I'm using angular 6, trying to implement http interceptor, it's giving me ou provided 'undefined' where a stream was expected
when trying to login. I don't have a jwt token, I have an x-session
interceptor.ts
constructor(private injector: Injector) { }
intercept(req, next) {
const auth = this.injector.get(AuthService);
const token = auth.getToken();
if (token) {
const tokenizedReq = req.clone({
setHeaders: ({
'Content-Type': 'application/json',
'x-session': token
})
});
return next.handle(tokenizedReq);
}
login service
login(username, password) {
const data = {
username: username,
password: password
};
const headers = new HttpHeaders({ 'Content-Type': 'application/json' });
return this.http.post(this.login_url, data, { headers: headers, observe: 'response' });
}
getToken() {
return JSON.parse(localStorage.getItem('token'));
}
login component
onLogin() {
this.auth.login(this.username, this.password).subscribe(data => {
if (localStorage.getItem('data') === null) {
localStorage.setItem('data', JSON.stringify(data));
}
const token = data.headers.get('x-session');
const expiry = data.headers.get('x-session-expiry');
localStorage.setItem('token', JSON.stringify(token));
localStorage.setItem('token-expiry', JSON.stringify(expiry));
this.router.navigate(['']);
}, err => {
console.log(err);
});
}
How to fix the error? I guess if I was using jwt, there would be no error because most articles recommend the way shown above or something similar.

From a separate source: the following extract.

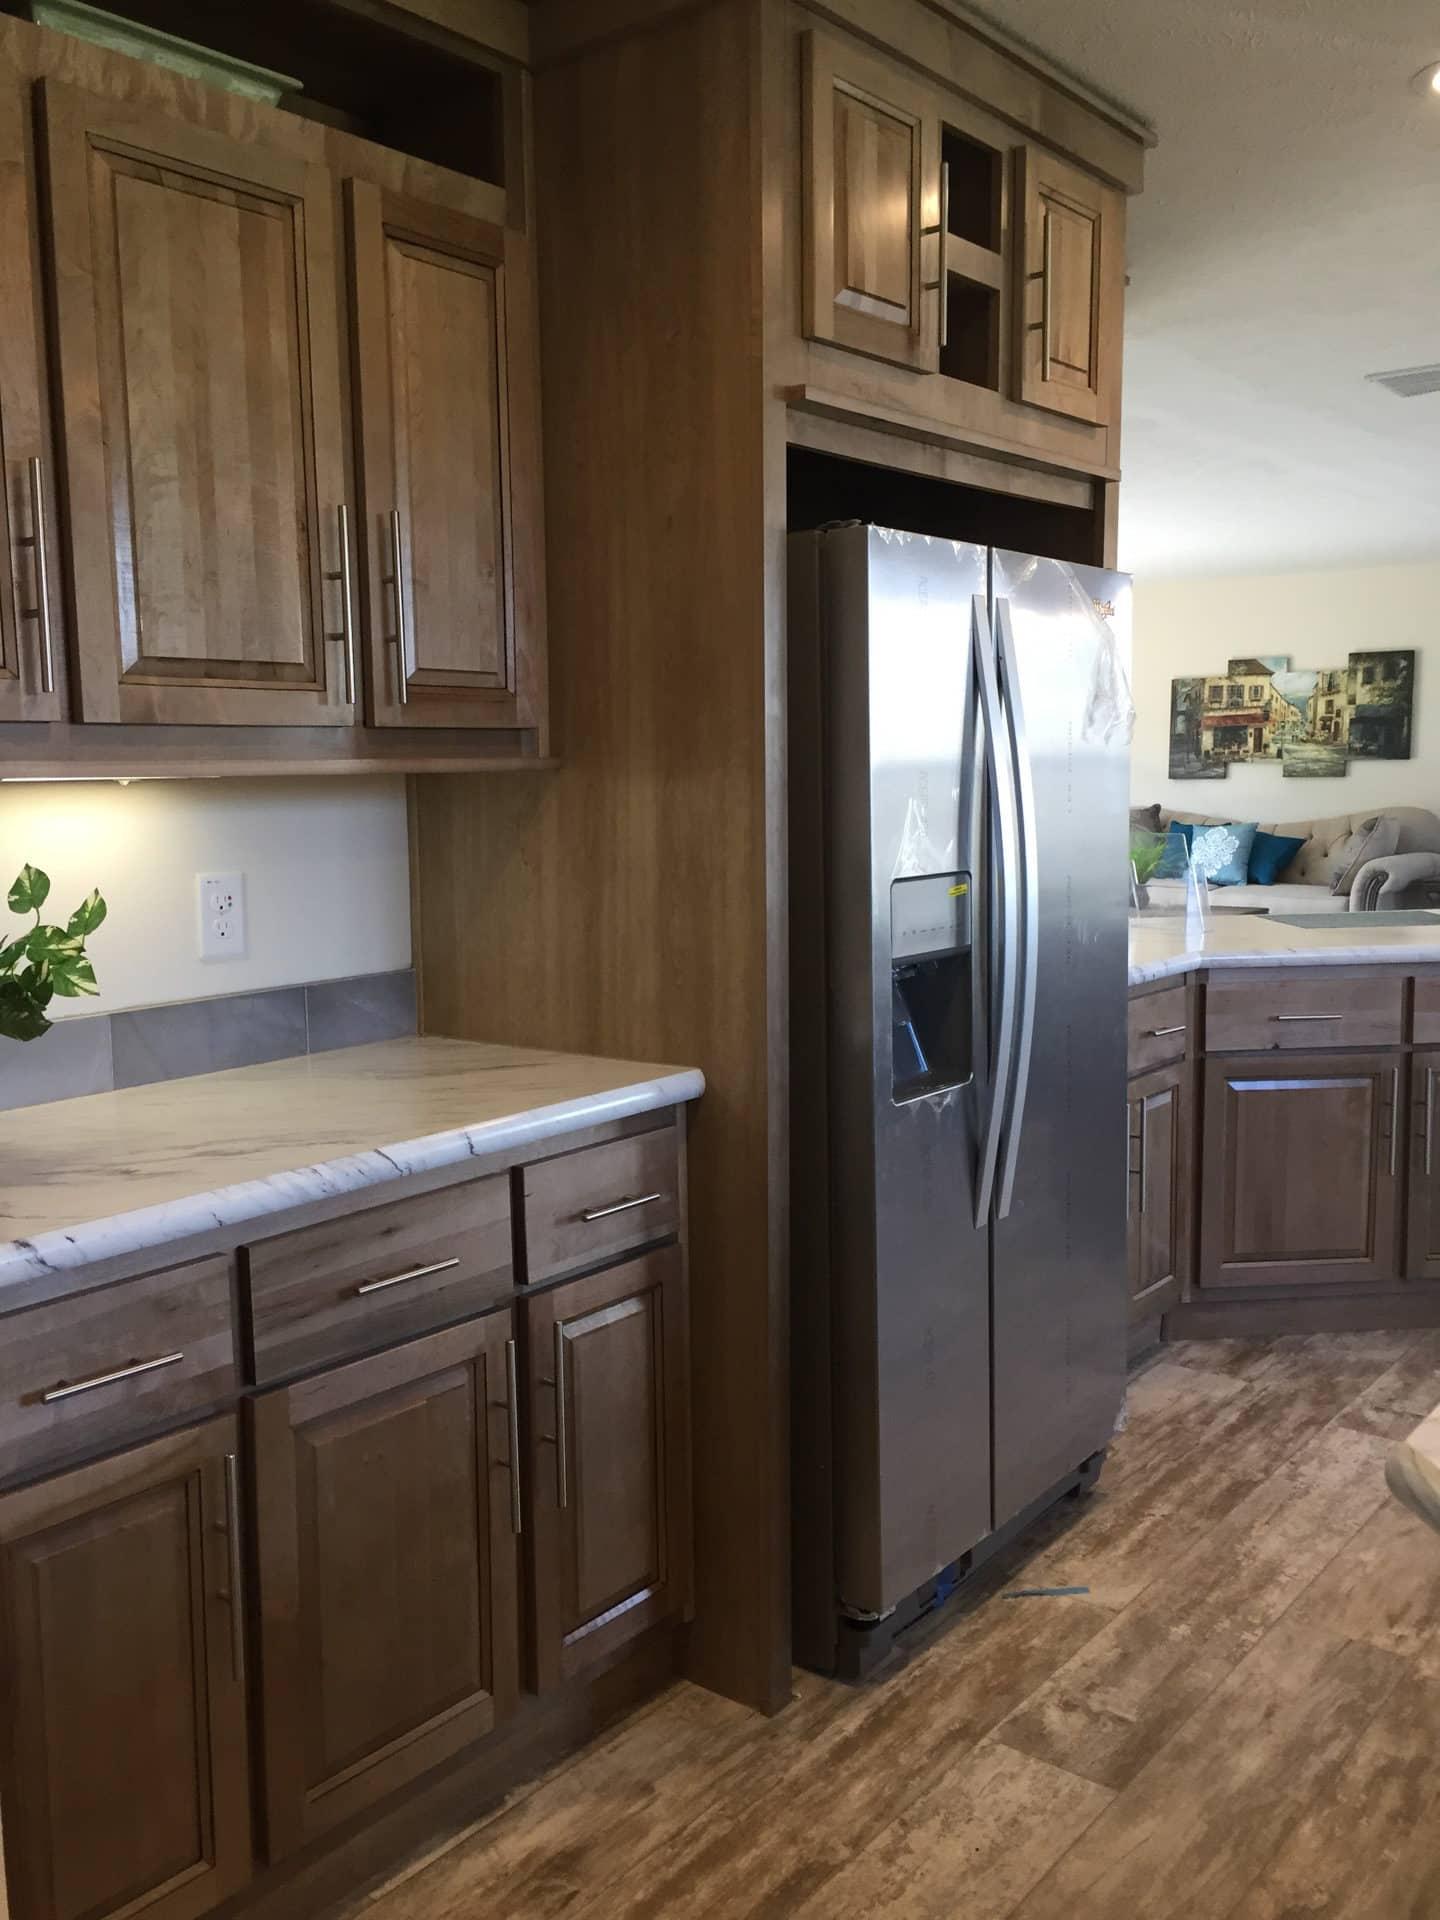 Barton stainless steel refrigerator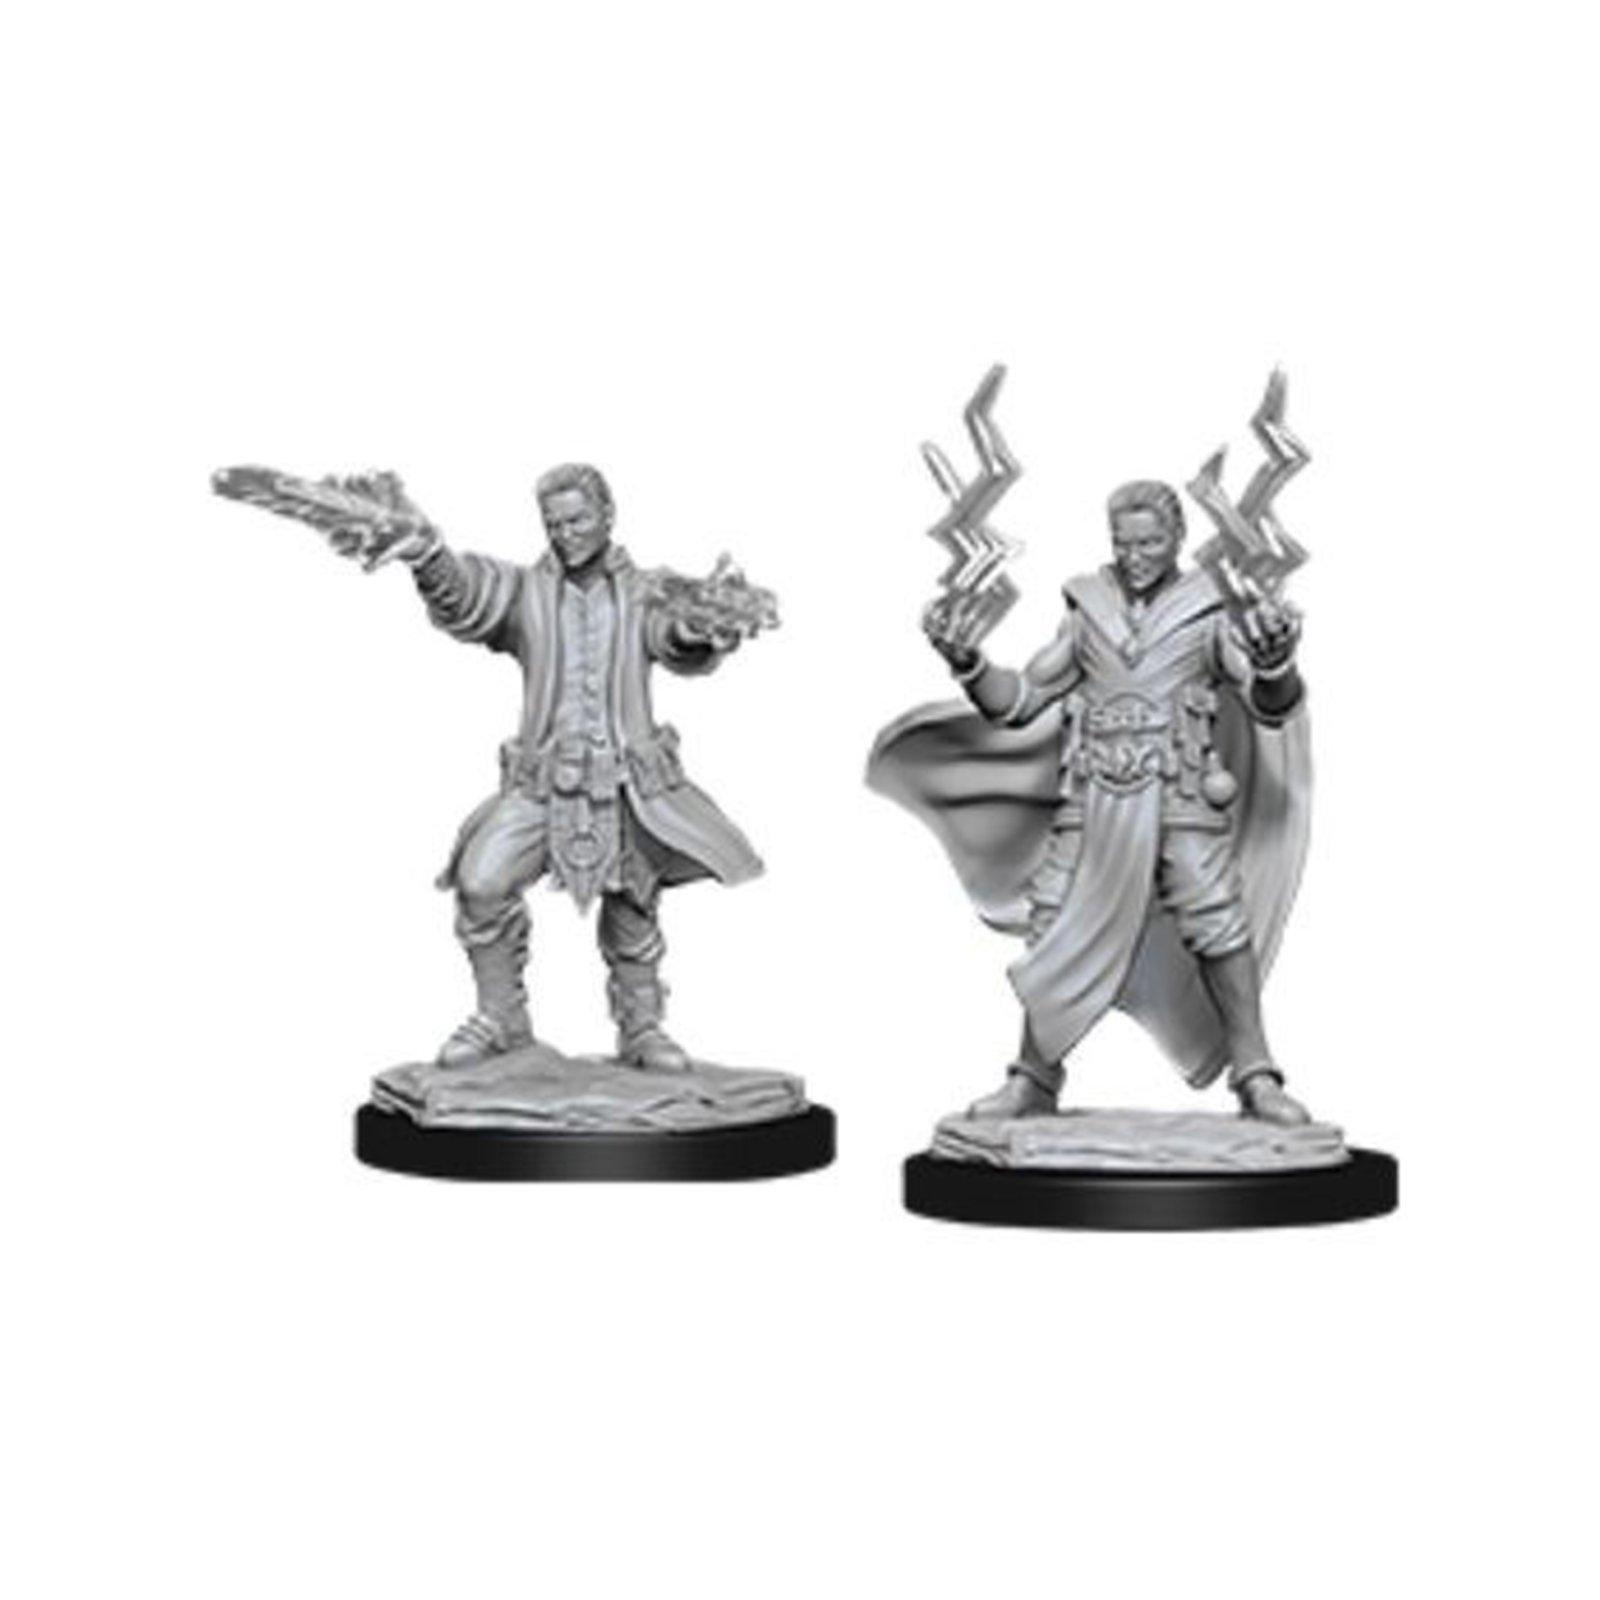 D&D Nolzur´s Human Sorcerer Male miniatuurid

I don't know if my solution is the best, but it seems to be working, if anyone has a better solution, I'll accept his.
interceptor
constructor(private injector: Injector) { }
intercept(req, next) {
const auth = this.injector.get(AuthService);
const token = auth.getToken();
if (token) {
const tokenizedReq = req.clone({
setHeaders: ({
'Content-Type': 'application/json',
'x-session': token
})
});
return next.handle(tokenizedReq);
} else {
const tokenizedReq = req.clone({
setHeaders: {
'Content-Type': 'application/json'
}
});
return next.handle(tokenizedReq);
}
}
login service
login(username, password) {
const data = {
username: username,
password: password
};
return this.http.post(this.login_url, data, { observe: 'response' });
}
So notice that I added an else statement, if the user is logged in add the token, else, don't add it.